A personalized approach with a variant‐based risk stratification within the emerging field of surgicogenomics is needed. Integration of polygenic risk scores in clinical‐decision making should be encouraged.

Keywords: deep brain stimulation, genetic Parkinson's disease, motor outcome, non‐motor outcome, surgicogenomics


Deep brain stimulation (DBS) has been established in the management of Parkinson's disease (PD) in case of poor response to traditional dopamine‐based therapies. Although pharmacotherapy is the mainstay in the treatment of PD, there are patients suffering from medication‐refractory tremor or debilitating levodopa side effects such as motor fluctuations and dyskinesias. In these instances, DBS represents an alternative therapeutic strategy. Proper patient selection is paramount for successful DBS outcome and necessitates the identification of outcome predictors to refine clinical decision‐making.

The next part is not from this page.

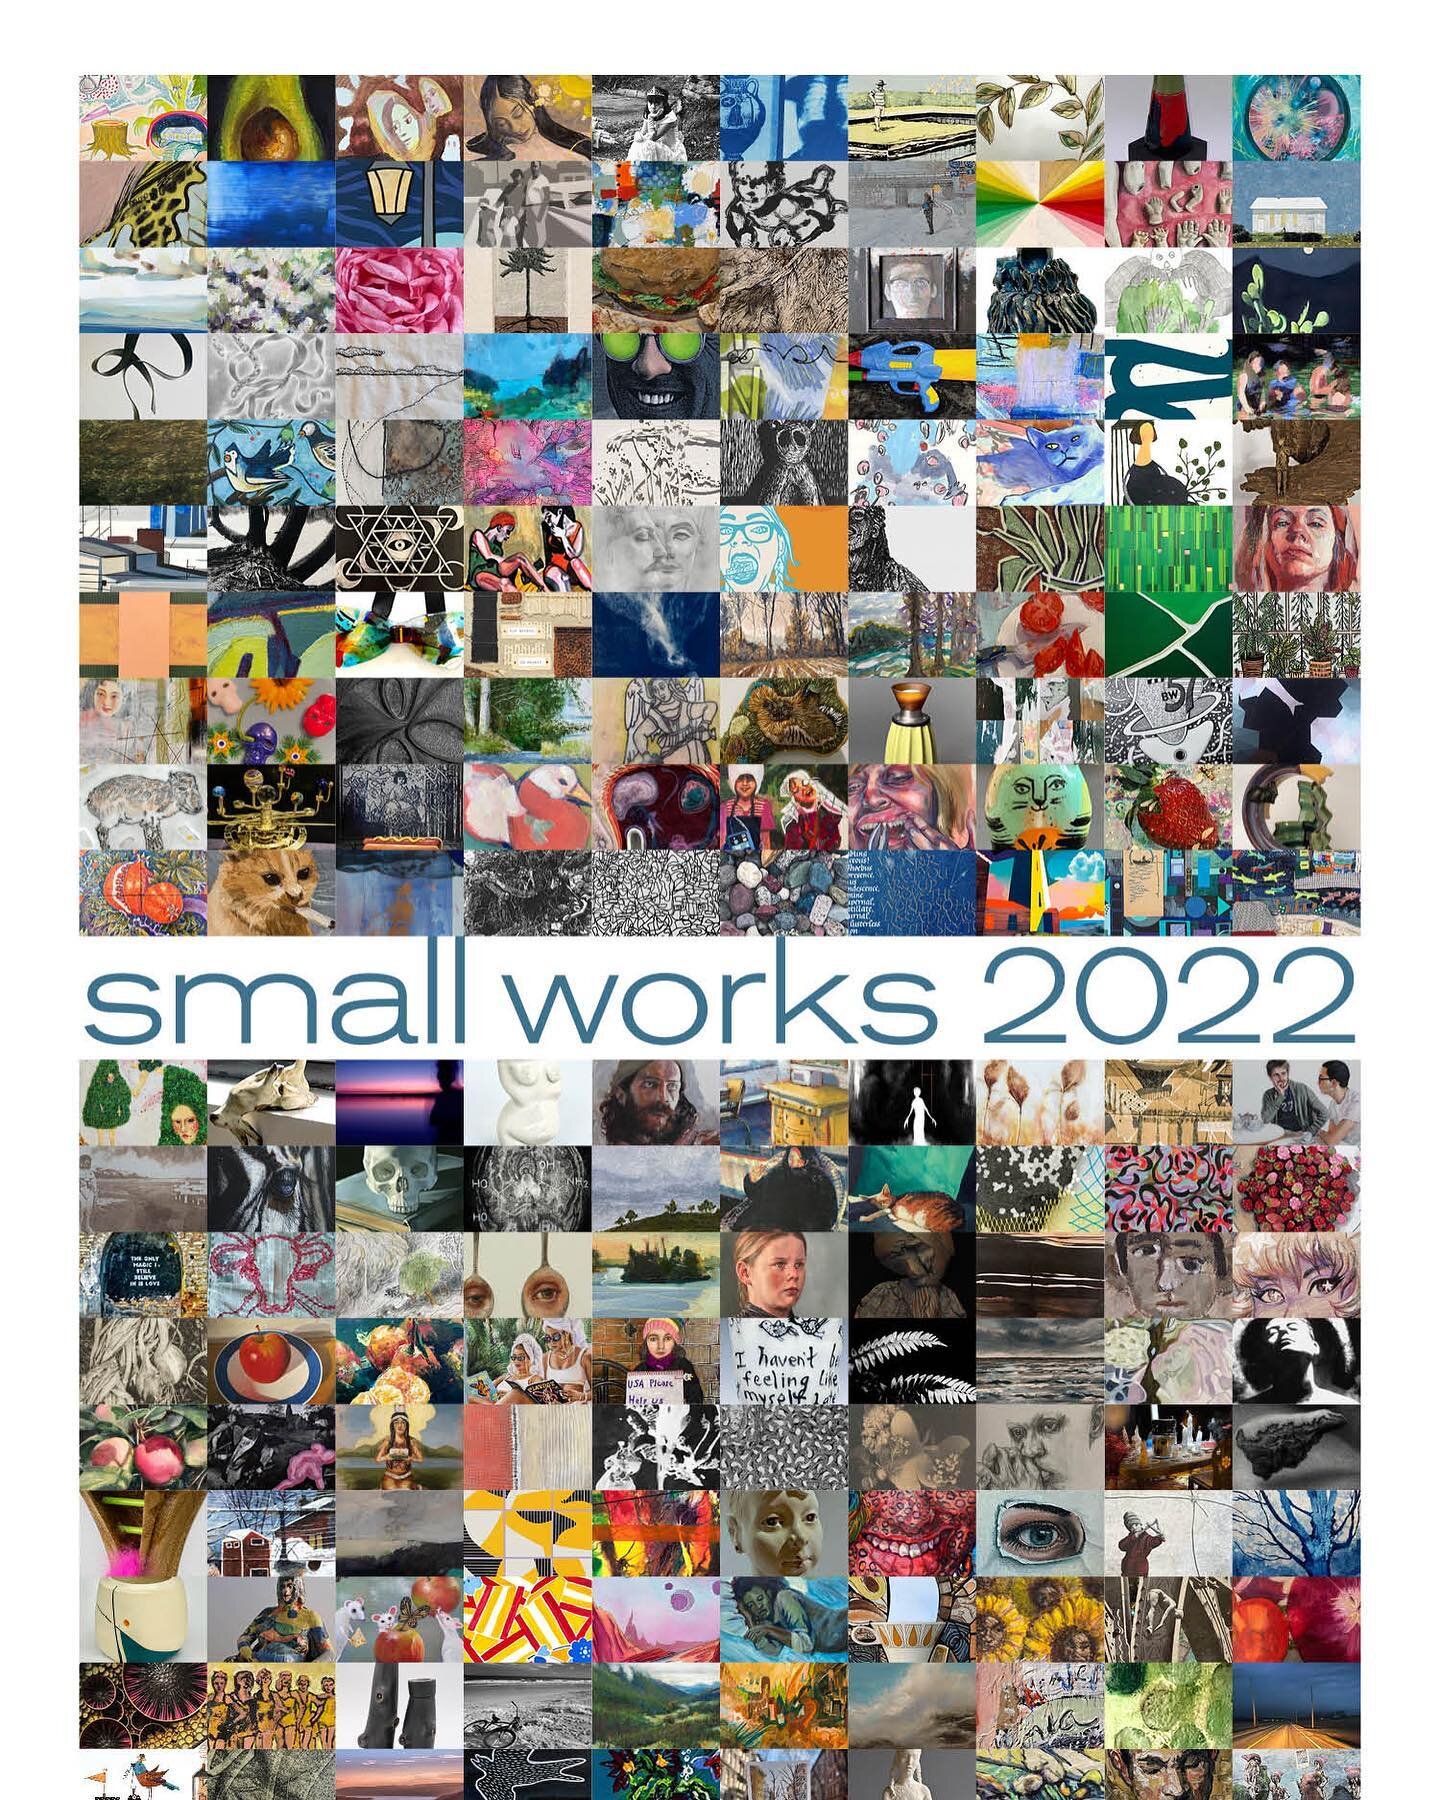 I have a piece in the 9th Annual Small Works Exhibition at Main Street Arts this November-December. The show is a national juried exhibition of artwork featuring works of art by 200 artists from 32 states. All artwork in the show measures 12 inches o

Based on the available evidence to date, good candidates for DBS are younger patients with a satisfactory levodopa response but without (or with few) axial symptoms and optimally, without cognitive and psychiatric symptoms. 1 , 2 Albeit useful as a guidance, these criteria are not exhaustive and the surgical indication should be examined on a case‐by‐case basis. In this context, the influence of genetics on DBS outcome has become a topic of intense investigation as genetic markers can potentially be useful to predict the outcome more reliably. In the era of modern medicine, where high‐throughput sequencing techniques are readily available, the need to elucidate the role of genetic background in DBS response is more imperative than ever before.

The most important genes that have been related to genetic forms of PD comprise LRRK2, GBA, PRKN, SNCA, PINK‐1, DJ‐1 and VPS35. 3 , 4 Across genetic PD (gPD) forms, there are differences in terms of pathophysiology as well as clinical manifestations and efforts are being undertaken to establish genotype‐driven therapeutic approaches. 5 , 6 With regard to DBS, it still remains obscure if the genetic make‐up can indeed have an impact on the outcome. Finding the answer is cumbersome due to the low number of mutant carriers, given that gPD comprises 5–10% of total PD cases. 7 Hence, evidence synthesis is of particular importance to address this question.

In preceding reviews a rather descriptive analysis was performed and robust conclusions could not be drawn. 8 , 9 , 10 One study solely implemented a quantitative approach focusing on DBS of the subthalamic nucleus (STN‐DBS) 11 and pointed towards comparable results in carriers of LRRK2, GBA, PRKN and idiopathic PD (iPD) cases. Nevertheless, the gene panel was restricted to these three common genes. Apart from the motor outcome, pharmacological and cognitive sequelae were also addressed. Yet, the quantitative synthesis was only performed with the motor and pharmacological data.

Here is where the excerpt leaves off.